▶ **Data provided**
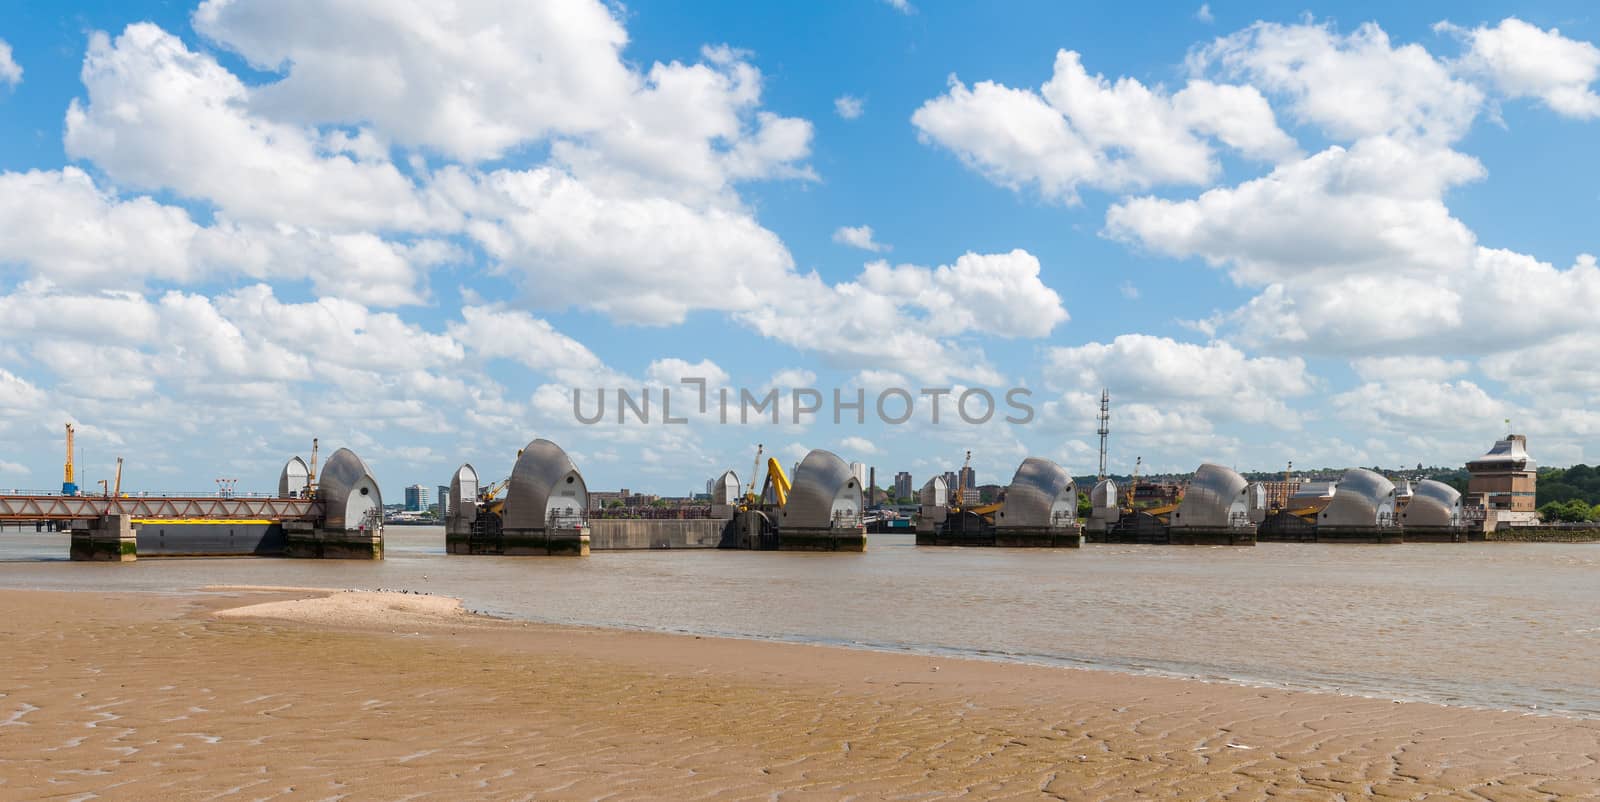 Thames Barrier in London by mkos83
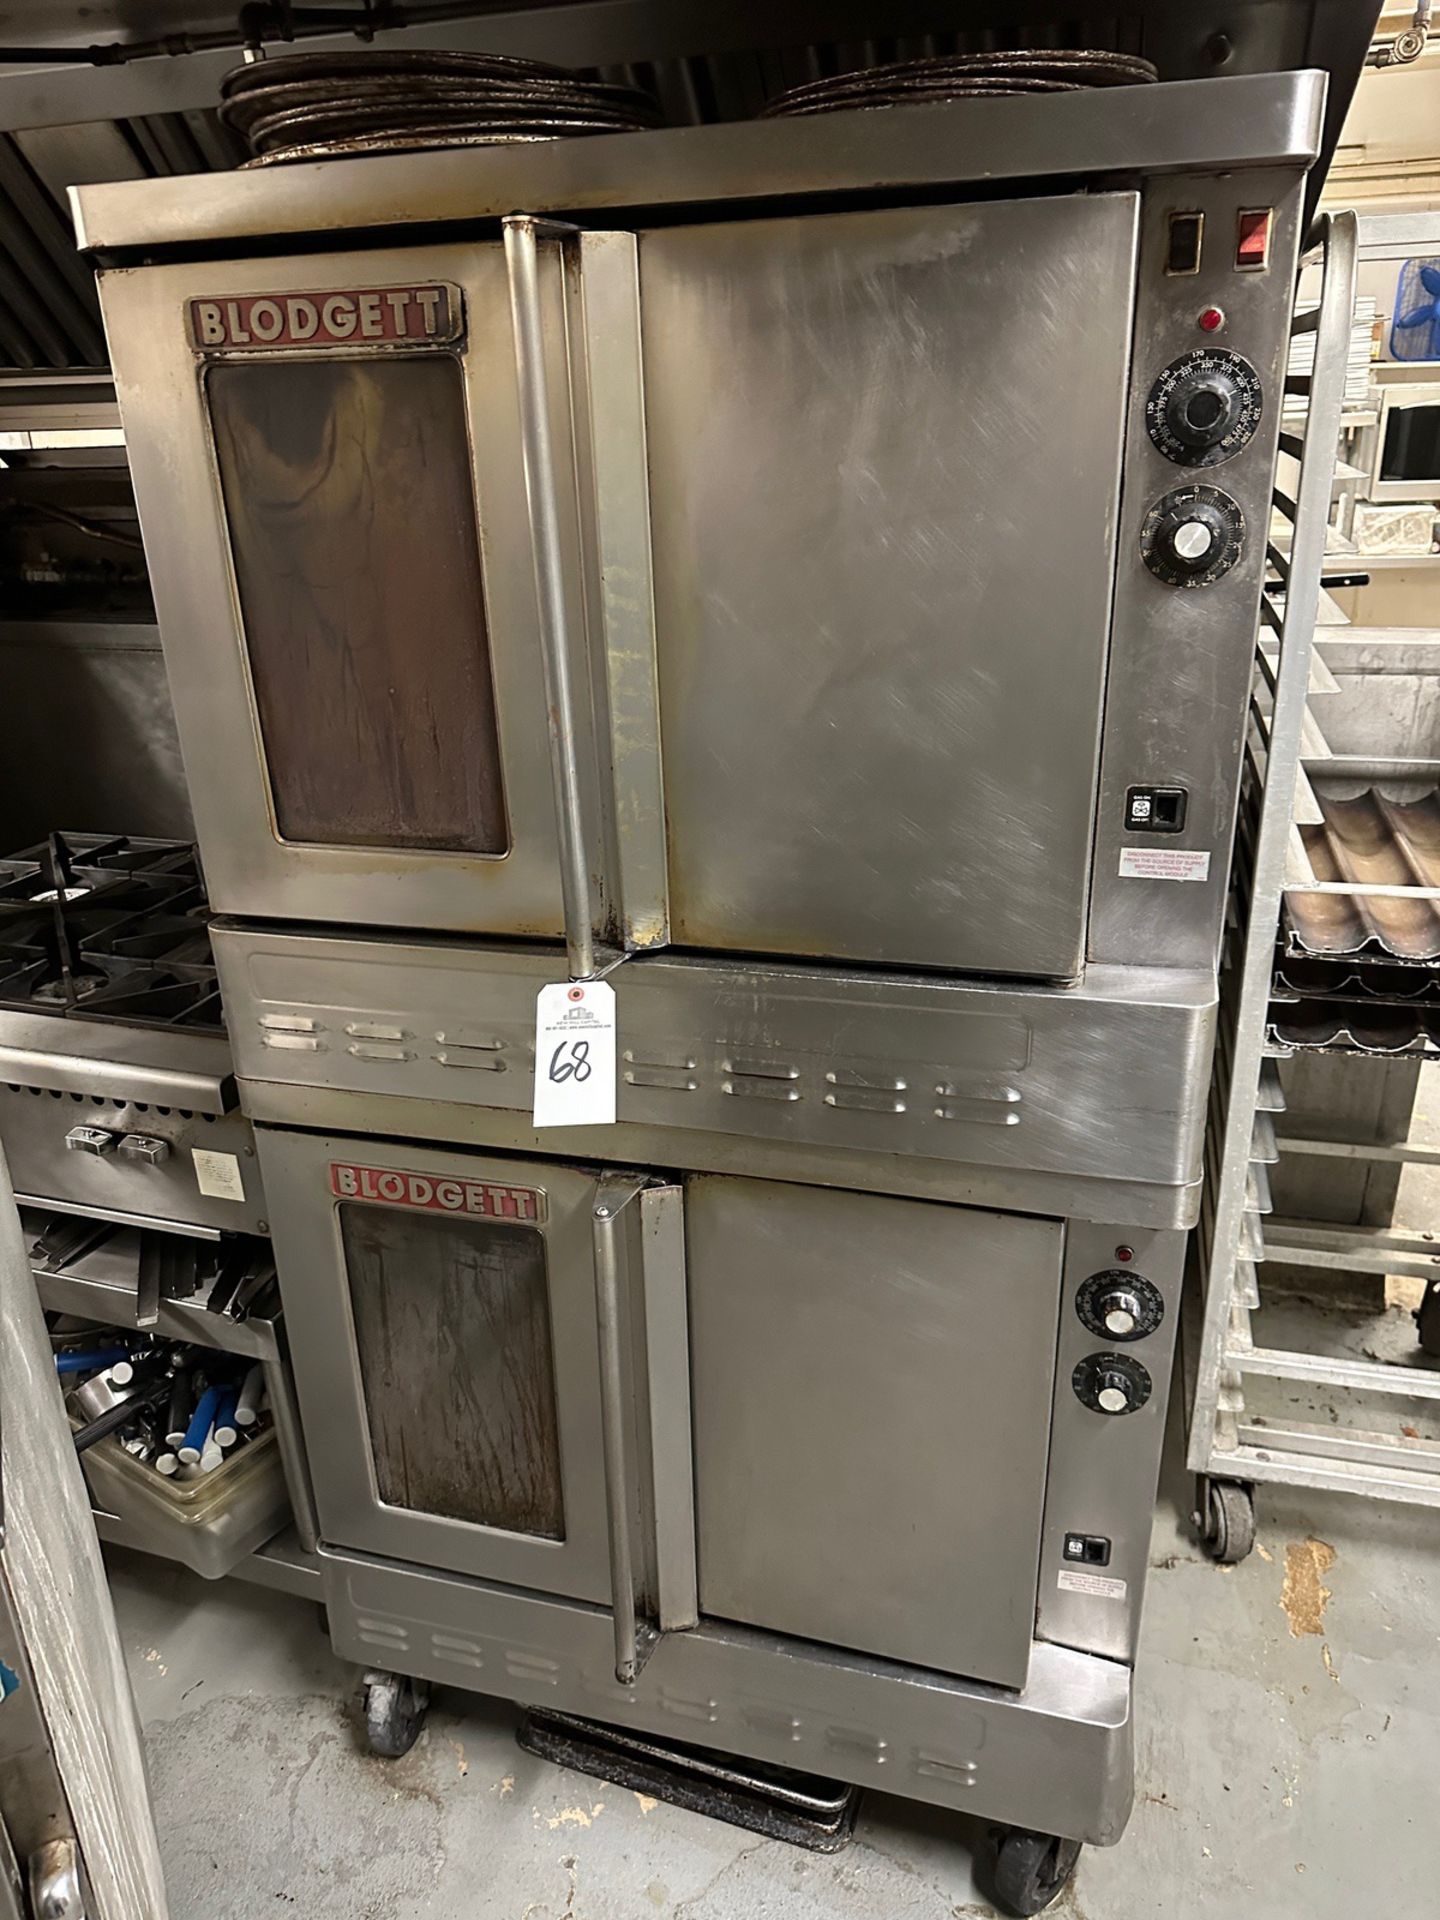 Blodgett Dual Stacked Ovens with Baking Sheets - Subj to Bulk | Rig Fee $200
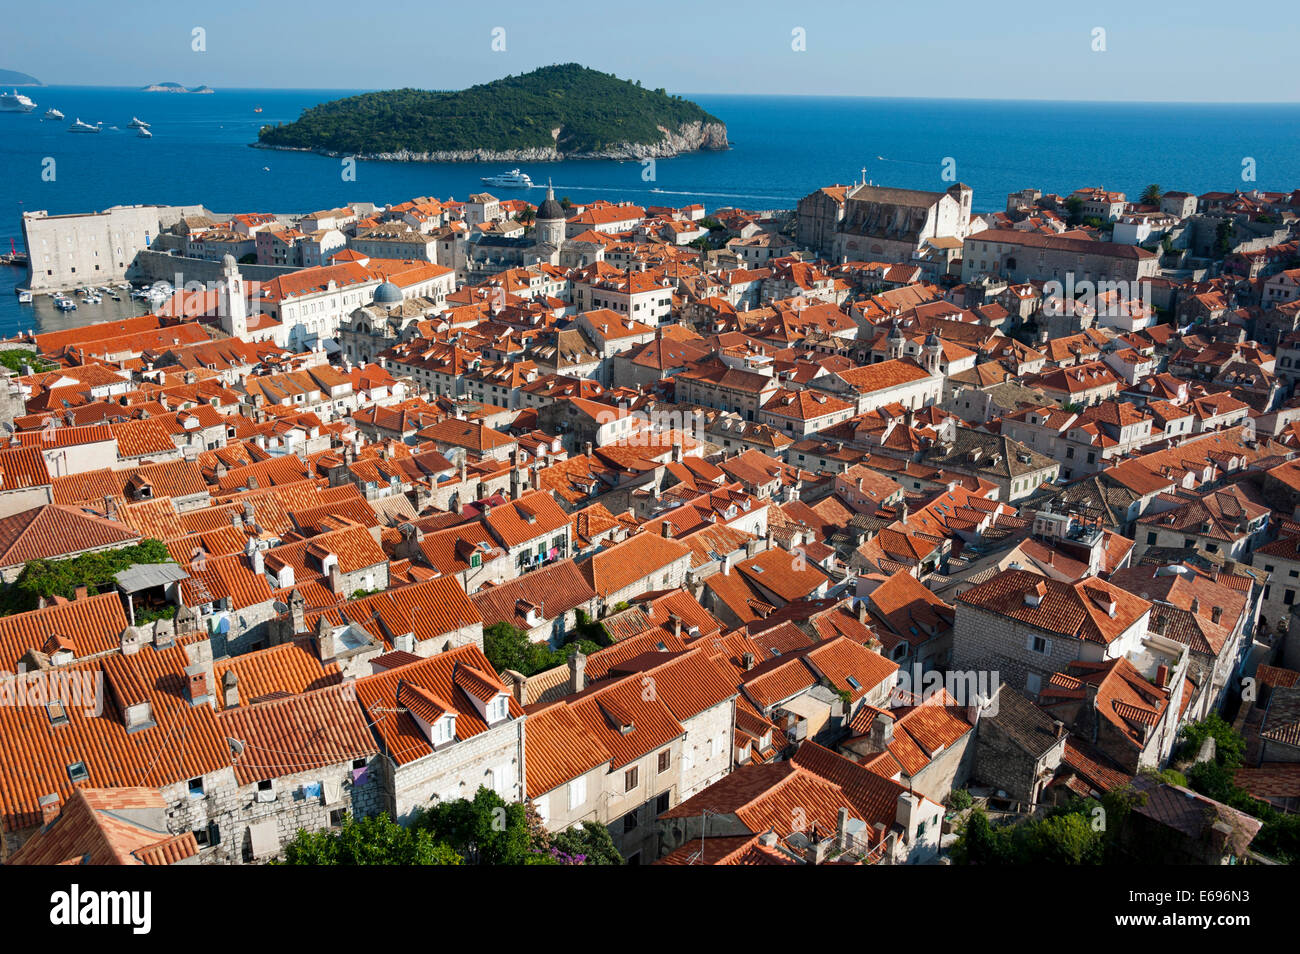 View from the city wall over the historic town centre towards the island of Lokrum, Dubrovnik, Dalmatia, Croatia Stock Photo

▶ **Description of the task**
Ignoring the pictures, write out word for word the lines from the line containing "Blodgett Dual Stacked" through the end of the material above.

▶ **Response to this exercise**
 Blodgett Dual Stacked Ovens with Baking Sheets - Subj to Bulk | Rig Fee $200
 View from the city wall over the historic town centre towards the island of Lokrum, Dubrovnik, Dalmatia, Croatia Stock Photo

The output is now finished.